Peshmera Maj. Ghazi Ali
Sinjar on 13 November 2015
  Peshmerga fighters were greeted with scenes of devastation when they entered parts of Sinjar -- AP
U.S.-led airstrikes aided Kurdish Iraqi troops to seize an integral part of a highway that Islamic State of Iraq and the Levant used as a vital supply route linking Mosul in northern Iraq and Raqqa in Syria, the ISIL caliphate capital. And the major offensive long in the making but delayed time and again finally took place to retake the town of Sinjar from Islamic State. In Thursday's operation the Kurdish Regional Security Council announced its forces had control of a ten km section of Highway 47.

Kurdish fighters on both sides of the border linked forces, despite an aura of grudging competition that has arisen between the Peshmerga and the YPG over the YPG's successful rescue of hundreds of Yazidi families stranded on Mount Sinjar in 2014, after the ISIL capture of Sinjar town.

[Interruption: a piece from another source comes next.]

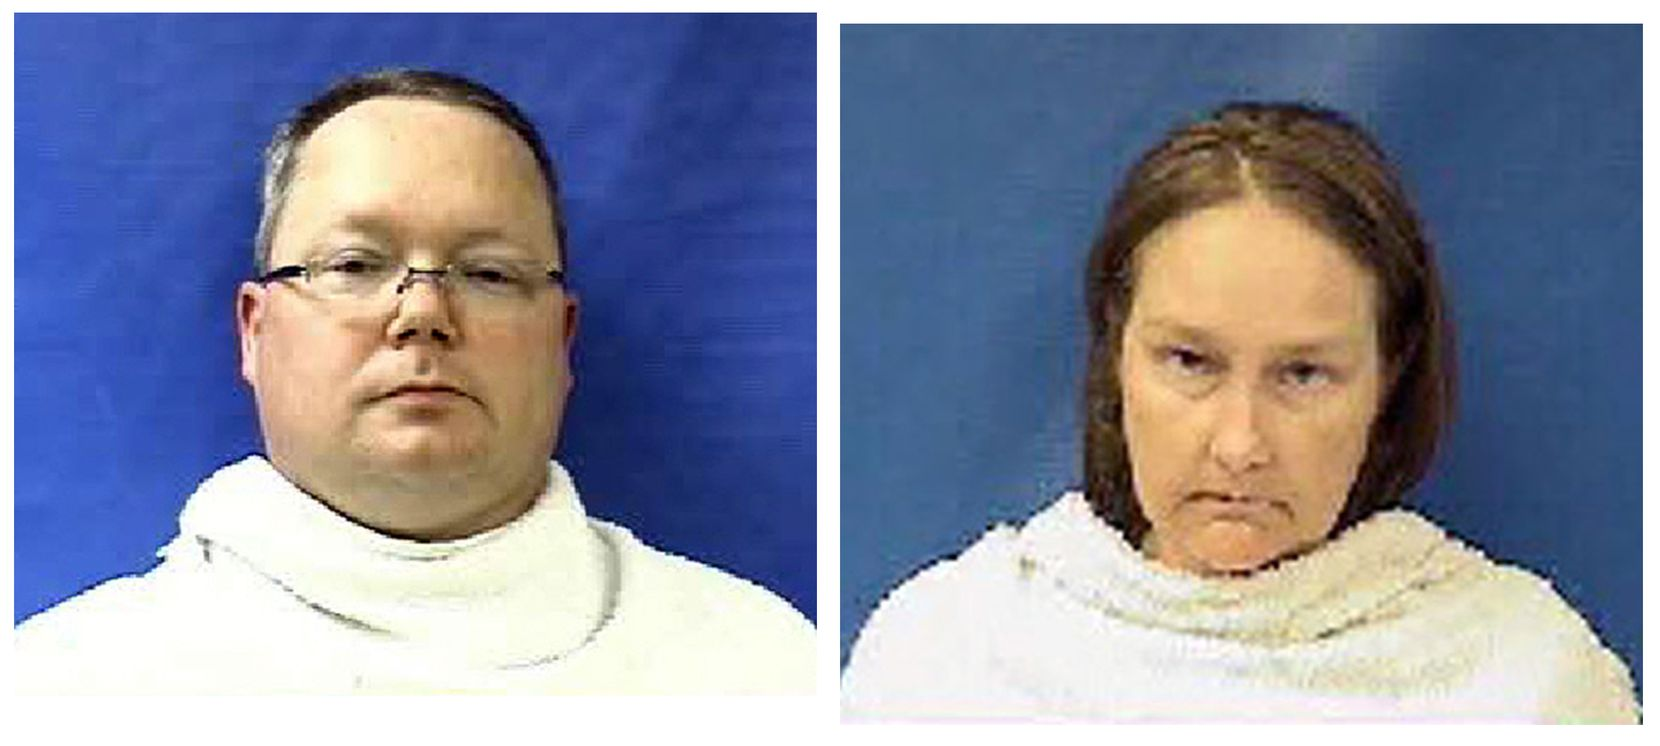 Eric and Kim Williams (Kaufman County Sheriff's Office)

The Iraqi Kurds were insisting that this is their territory, though they had been incapable of responding to the Yazidi plight. They wanted to see the YPG retreat completely back to Syria.

Operation Free Sinjar brought them back together in a common fight to regain territory on both sides of the border, taken by Islamic State for their caliphate. Nine ISIL tactical units had been hit, and nine staging areas destroying 27 fighting positions by 24 coalition airstrikes paving the way for the Kurdish militias to make their move. Closing in on Sinjar from three sides, 7,500 Peshmerga fighters took the town and the highway.

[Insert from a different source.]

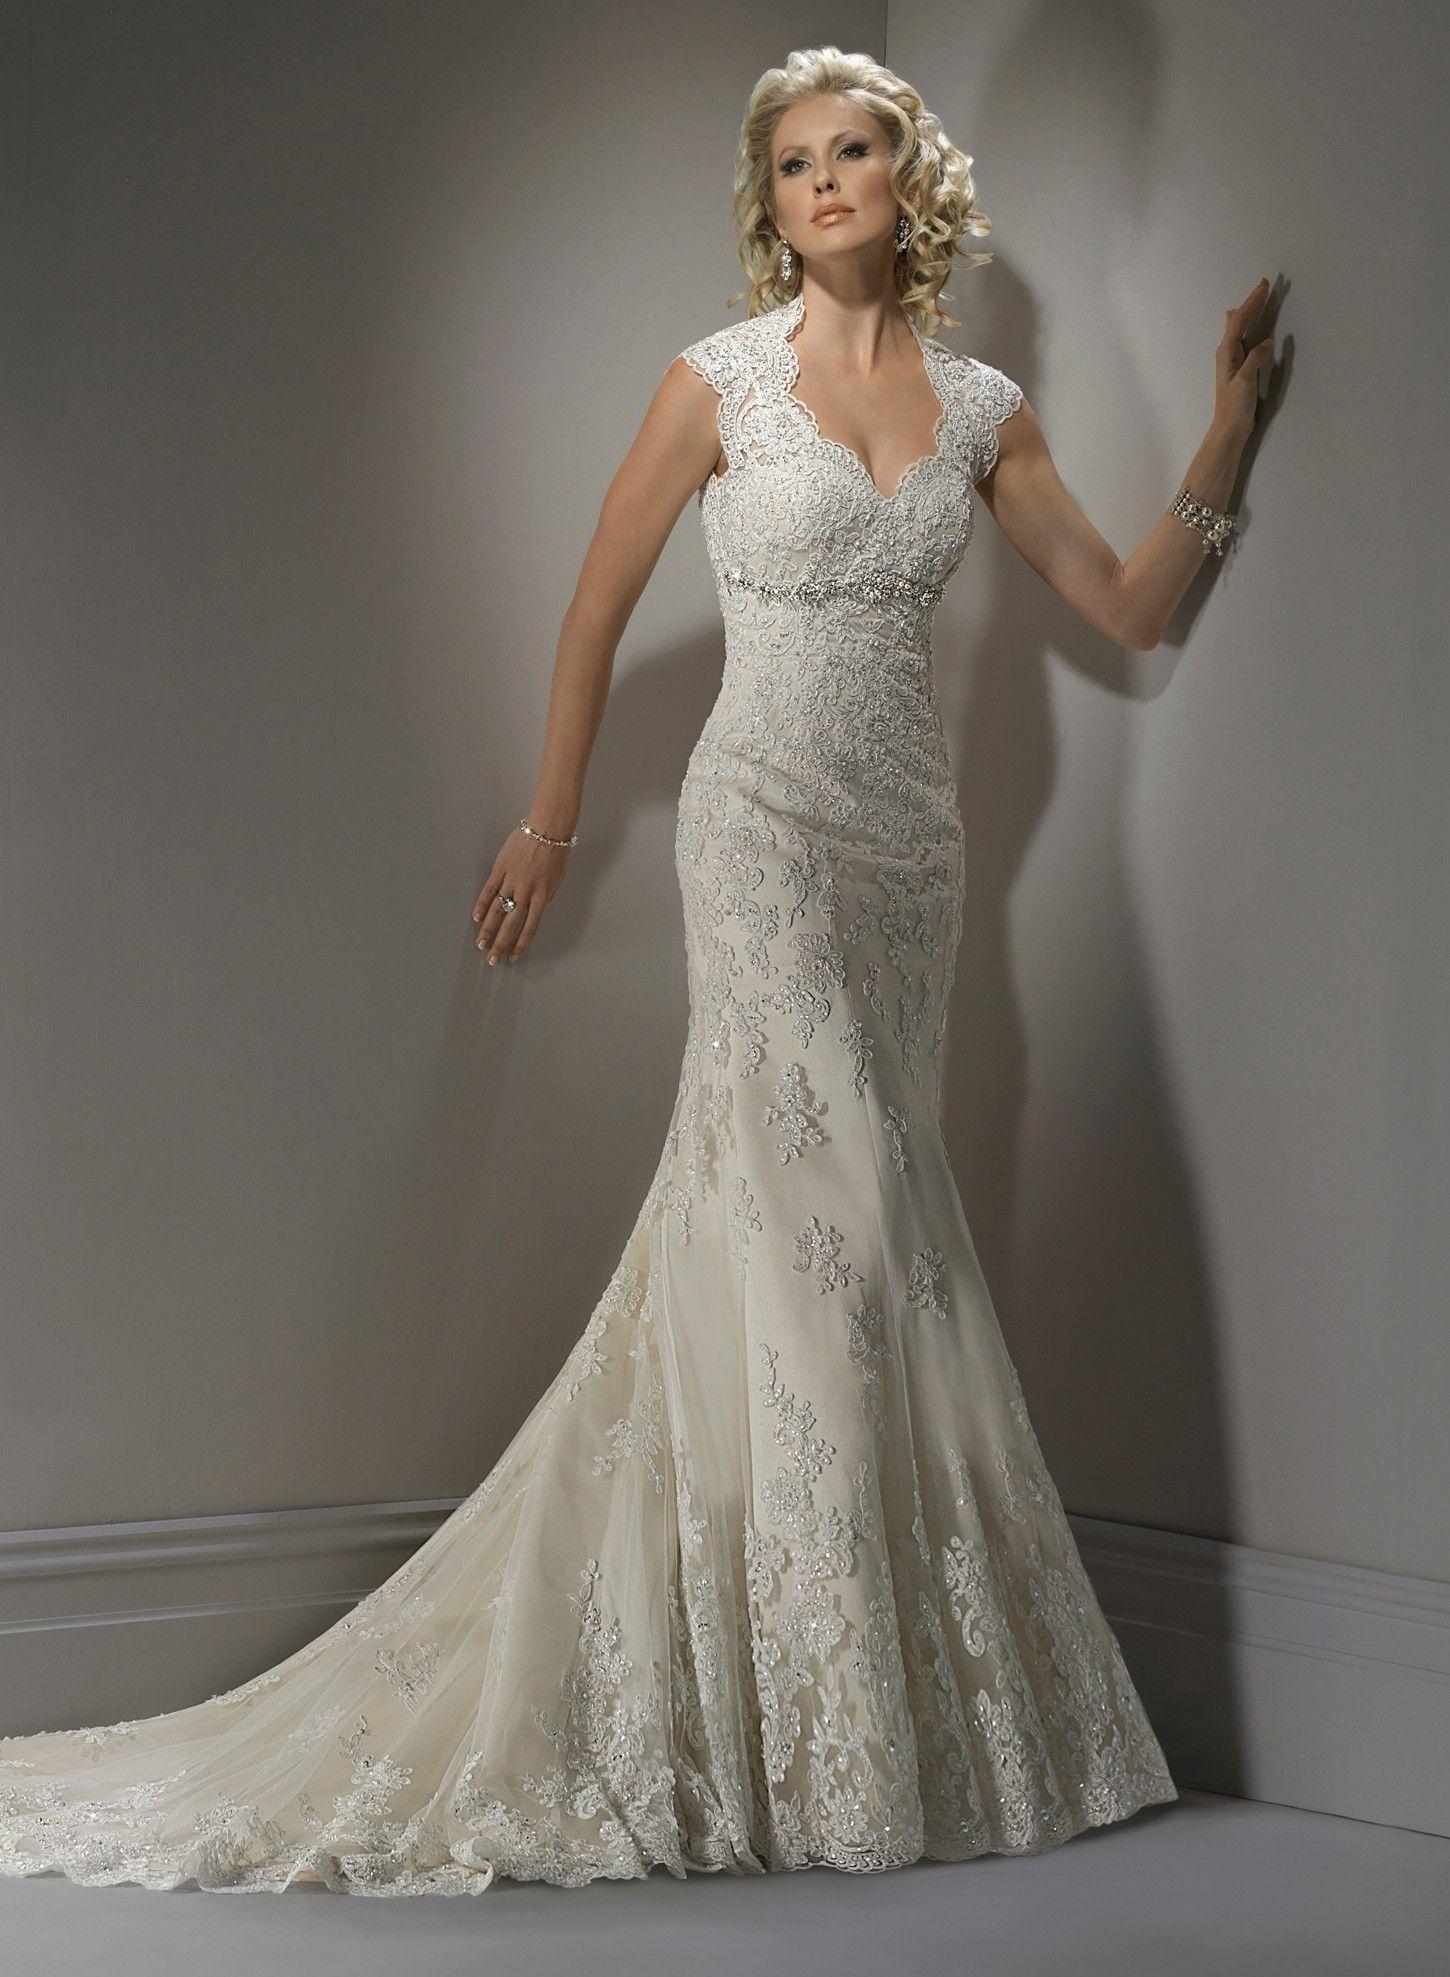 Beautiful lace wedding gown wedding dresses pinterest lace

"Sinjar is not important for [ISIL] as an area What is important is this road", explained Hisham al-Hashimi, an Iraqi expert in regional Islamist extremist groups. But the Kurdish forces, encountering little resistance raised a Kurdish flag in the centre of Sinjar, declaring it liberated. The lack of resistance led to the belief that ISIL fighters had pulled back to await an opportunity to strike back with force.

And in Syria a coalition of Arab, Christian and Kurdish rebel factions [Democratic Forces of Syria] took another town from ISIL, in northern Hassakeh province. As in Iraq, coalition airstrikes had hit ISIL militants beforehand leaving others to flee, and as they did, they left their weapons and ammunition behind. The very reverse of what had occurred when ISIL forces marched on Mosul and Iraqi military fled in terror, leaving all the advanced U.S.-supplied weaponry for Islamic State to make use of.

As the coalition fighters reached the outskirts of Hol in Syria, the Islamic State fighters burned houses as they fled. Other ISIL fighters took civilians as shields as they left the area.